- **TASK DESCRIPTION**: Images in the data are to be skipped, while every line is restated exactly as written.
*** SUPPLIED DATA Section Begins ***
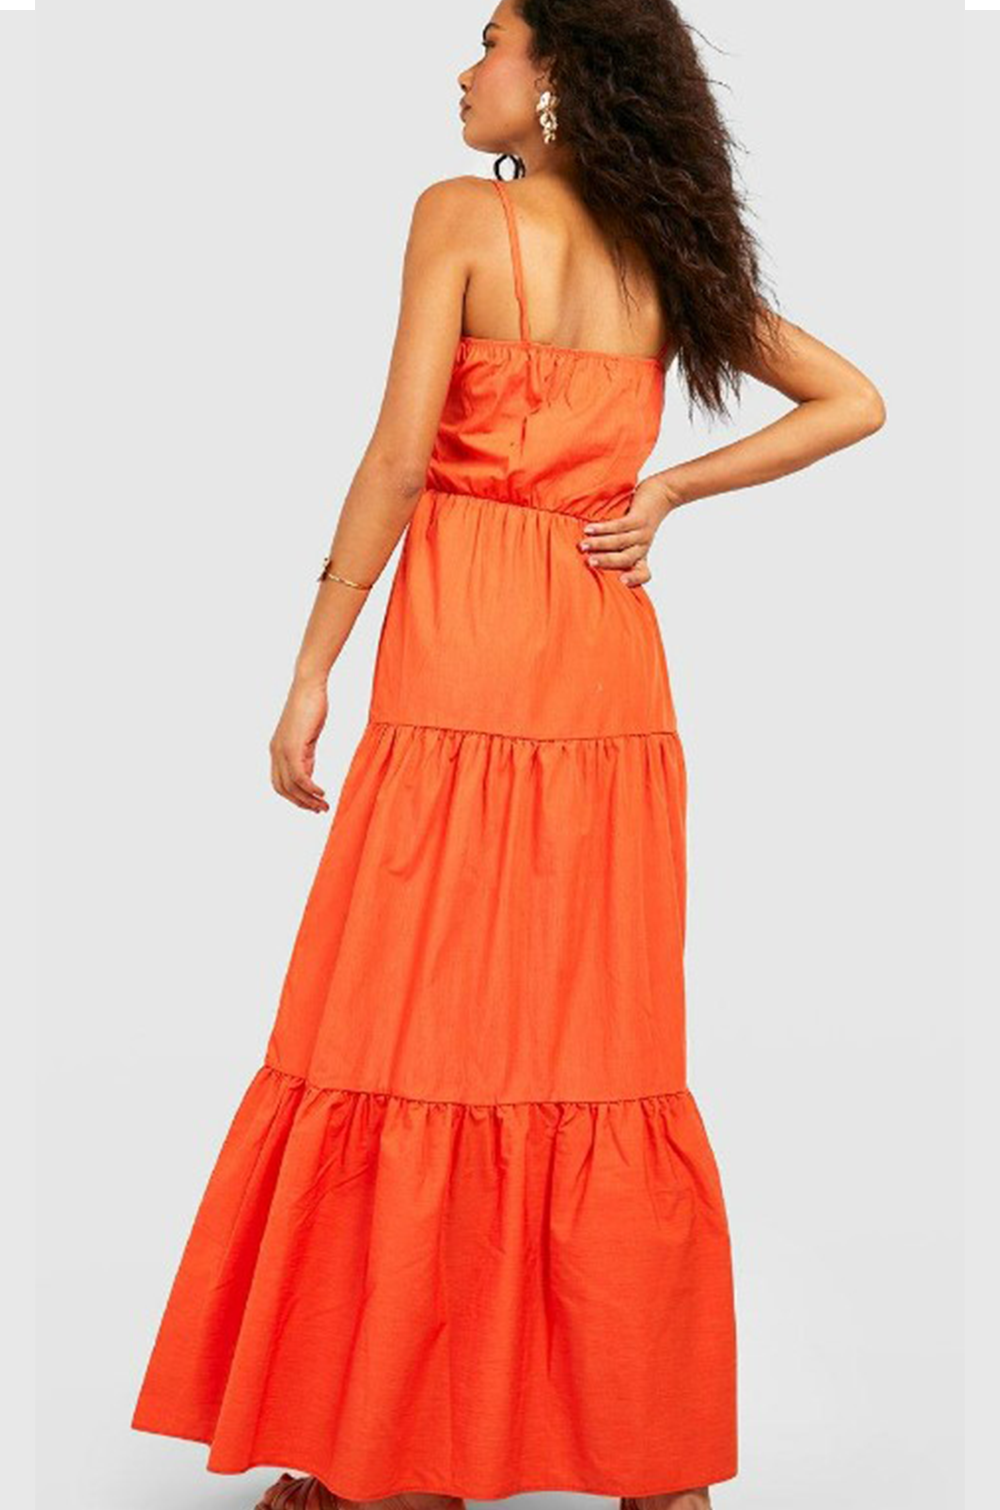 Rollick Orange Dress
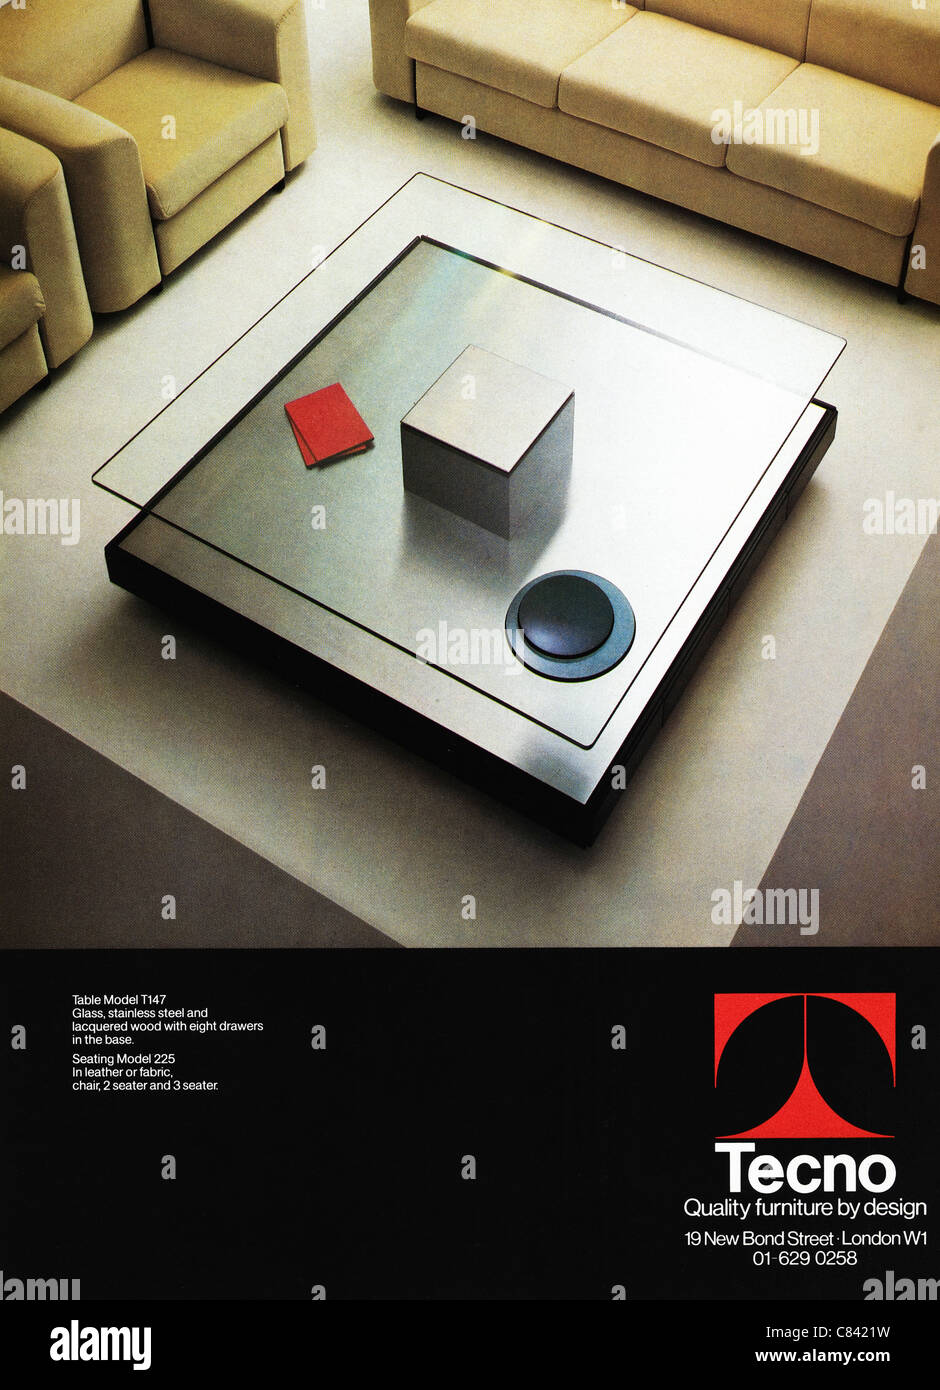 Pagina piena annuncio rivista circa 1984 pubblicità TECNO arredamento contemporaneo Foto Stock
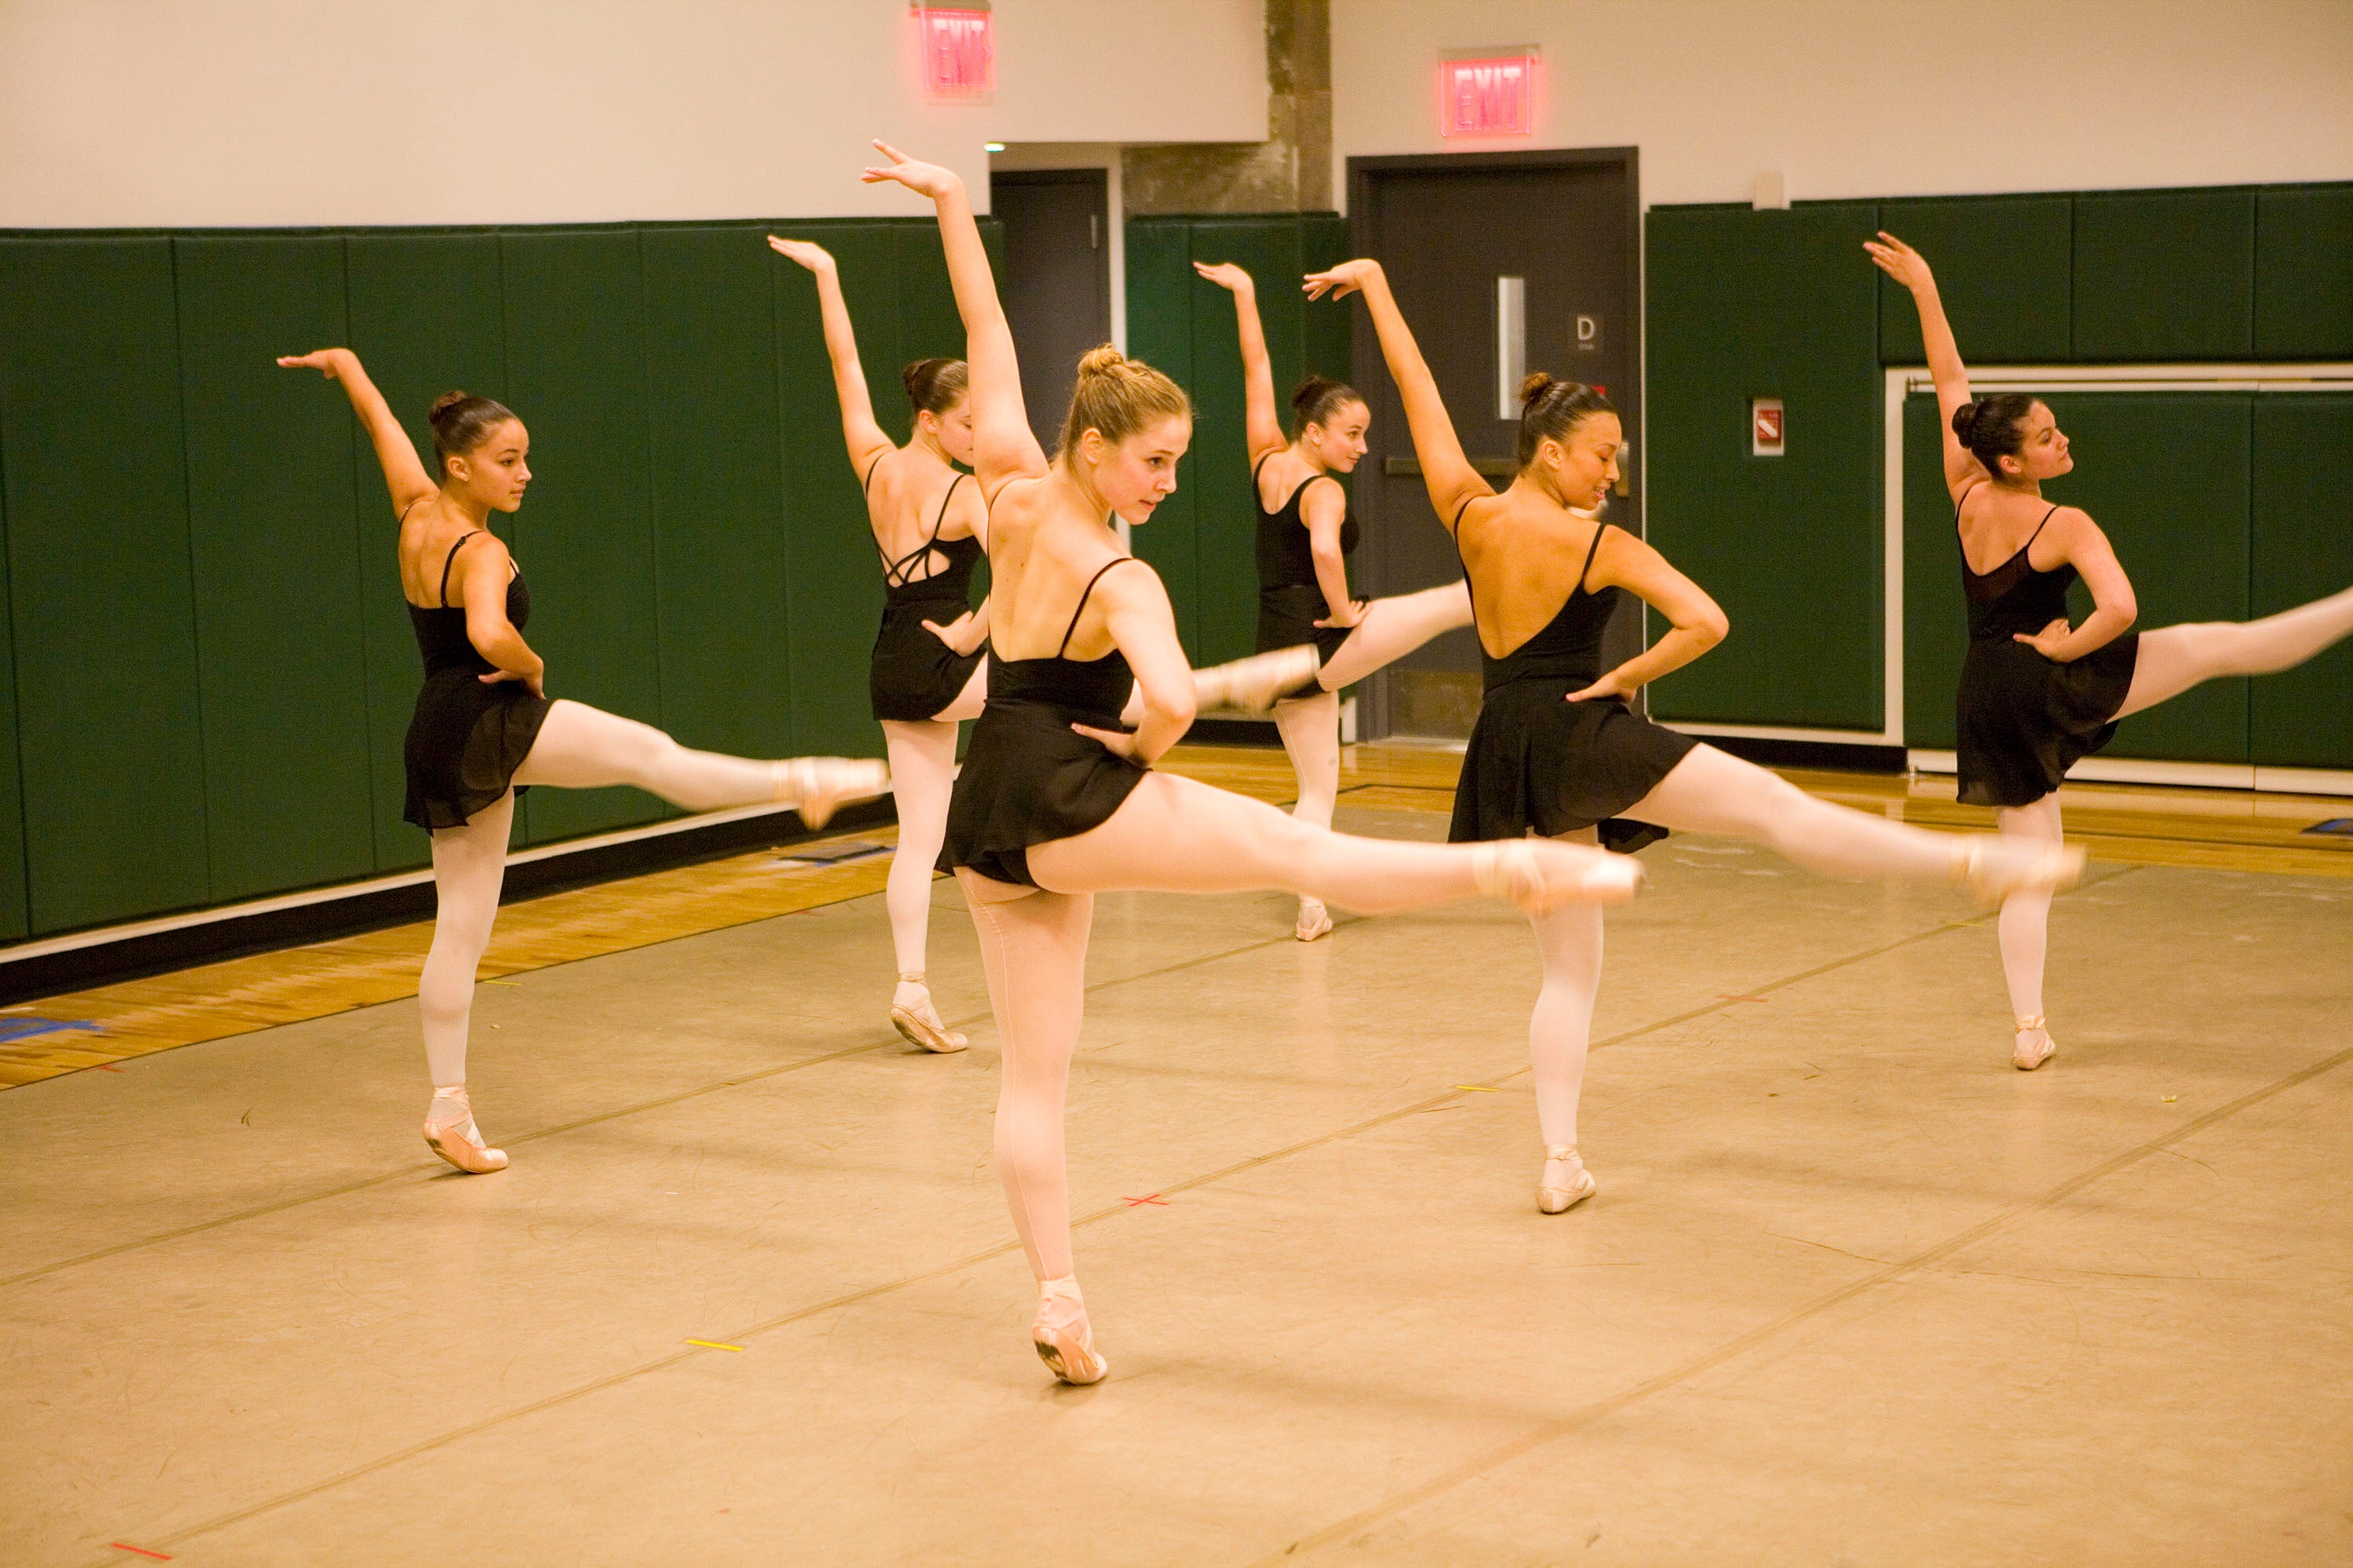 Ballet dancers during practice.
*** SUPPLIED DATA Section Ends ***
- **RESULT**:
 Rollick Orange Dress
 Pagina piena annuncio rivista circa 1984 pubblicità TECNO arredamento contemporaneo Foto Stock
 Ballet dancers during practice.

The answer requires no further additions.